更新 2： 我尝试了上面 #1 中提出的策略，为每个 Host 提供一个数组 intcarriageSummary[ INIT_NUM_STYPES ]，该数组由z 的可能值（对于大多数模拟，可能的值小于 10 个）。每个条目的值跟踪对carriage所做的更改。 Host::isInfectedZ( int z ) 函数现在显示为：

int Host::isInfectedZ( int z ) const {
  //return carriage.count( z );
  return carriageSummary[ z ];
}

And the time dedicated to this function appears to have dropped substantially--I can't do an exact comparison right now: enter image description here

Obviously, using an array is kind of bulky but okay for small ranges of z. Would some other container (i.e., not an unordered_map) be more efficient for larger ranges?

也希望获得有关更改多索引的任何反馈。

原文

I'm looking for strategies to speed up an agent-based model that's based on objects of class Host, pointers to which are stored in a Boost multi-index container. I've used Shark to determine that the vast majority of the time is consumed by a function calcSI():

enter image description here

Function calcSI() has to compute for every instance of class Host certain probabilities that depend on attributes of other instances of class Host. (There are approximately 10,000-50,000 instances of Host, and these calculations are run for each host approximately 25,600 times.)

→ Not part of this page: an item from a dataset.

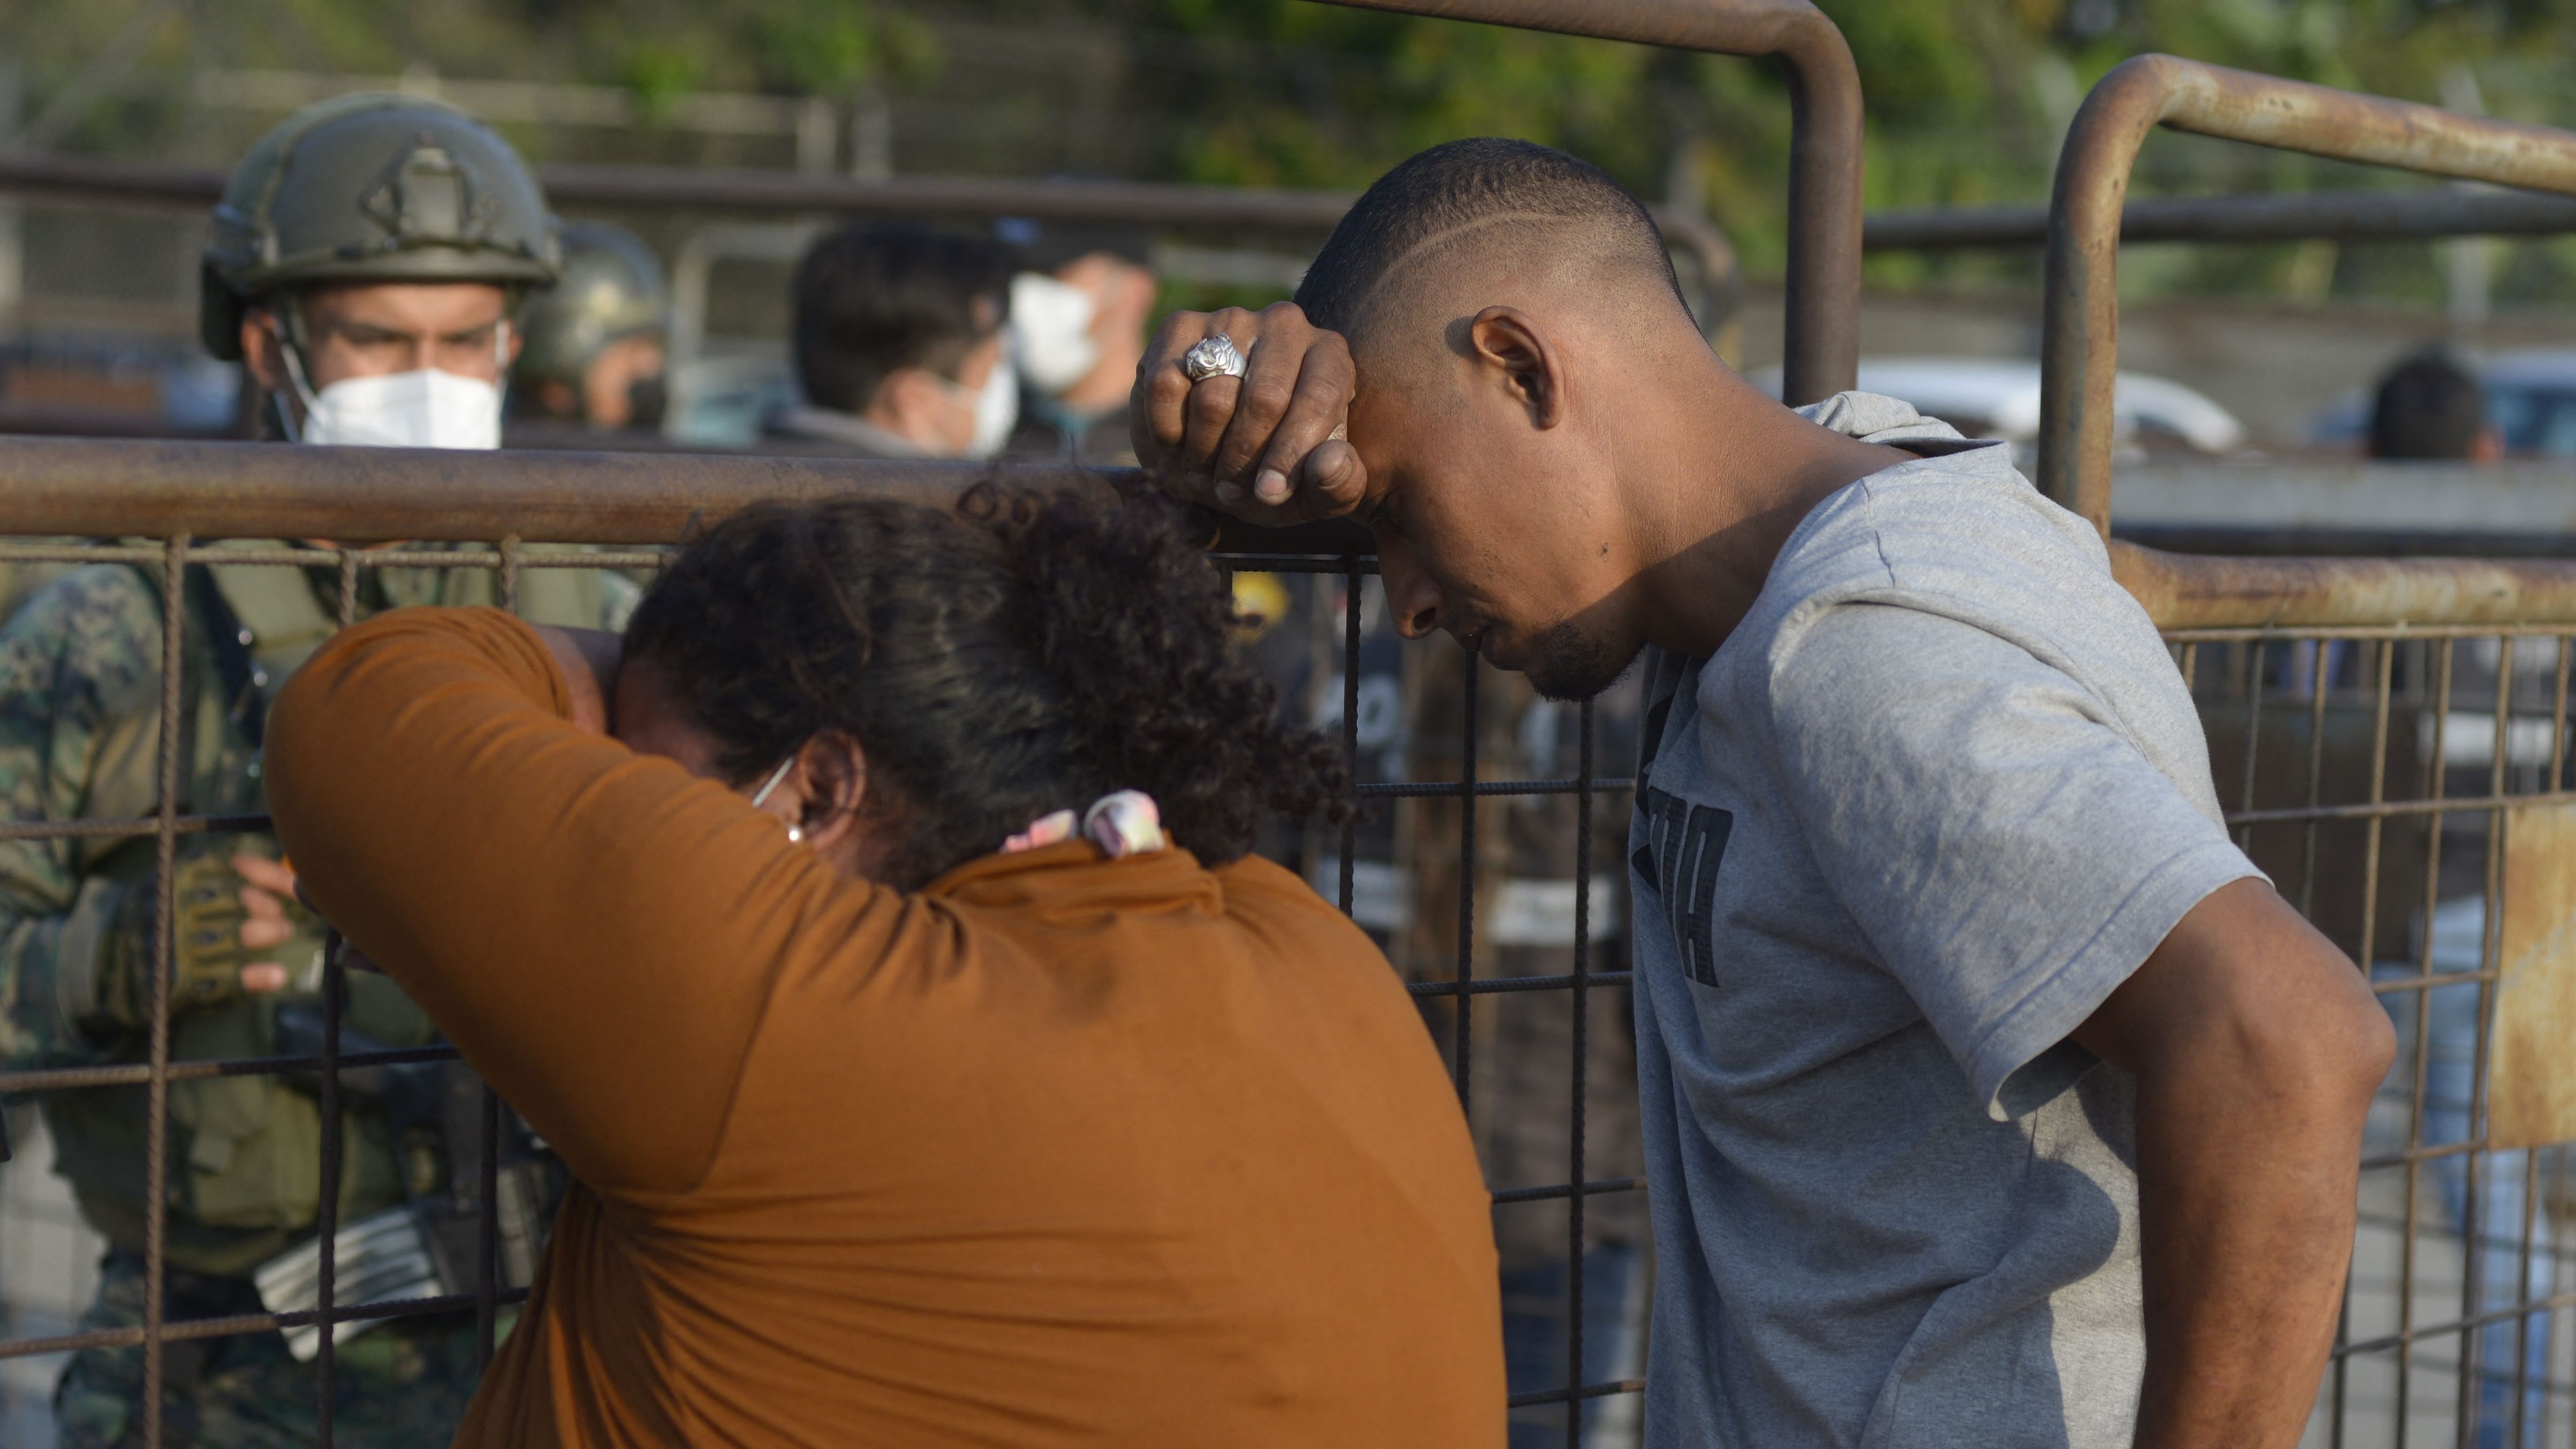 Relatives of inmates wait for news after a prison riot in Guayaquil, Ecuador

If I'm interpreting the profile correctly, the majority of the time spent in calcSI() goes to Host::isInfectedZ(int), which simply counts instances of something in a Boost unordered_multimap of type InfectionMap:

struct Infection {
public:
  explicit Infection( double it, double rt ) : infT( it ), recT( rt ) {}
  double infT;
  double recT;
};
typedef boost::unordered_multimap< int, Infection > InfectionMap;

All members of Host contain InfectionMap carriage, and Host::isInfectedZ(int) simply counts the number of Infections associated with a particular int key:

int Host::isInfectedZ( int z ) const {
  return carriage.count( z );
}

I'm having trouble finding information on how costly the count function is for Boost's unordered multimaps. Should I increase the overhead by adding to Host a separate two-dimensional array to track the number of instances of each key (i.e., the number of Infections associated with each int)?
I'm wondering if a larger structural overhaul of the Boost multi-index, like eliminating one or two less-needed composite key indices, would be more helpful. The background maintenance of the multi-index doesn't appear in the profiler, which (maybe stupidly) makes me worry it might be large. I have 8 indices in the multi-index, most of which are ordered_non_unique.
Are there other things I should be concerned with that might not appear in the profiler, or am I missing a major result from the profiler?

Parallelization and multithreading of calcSI() are unfortunately not options.

Update: It might be helpful to know that InfectionMap carriage rarely has more than 10 pairs and usually has <5.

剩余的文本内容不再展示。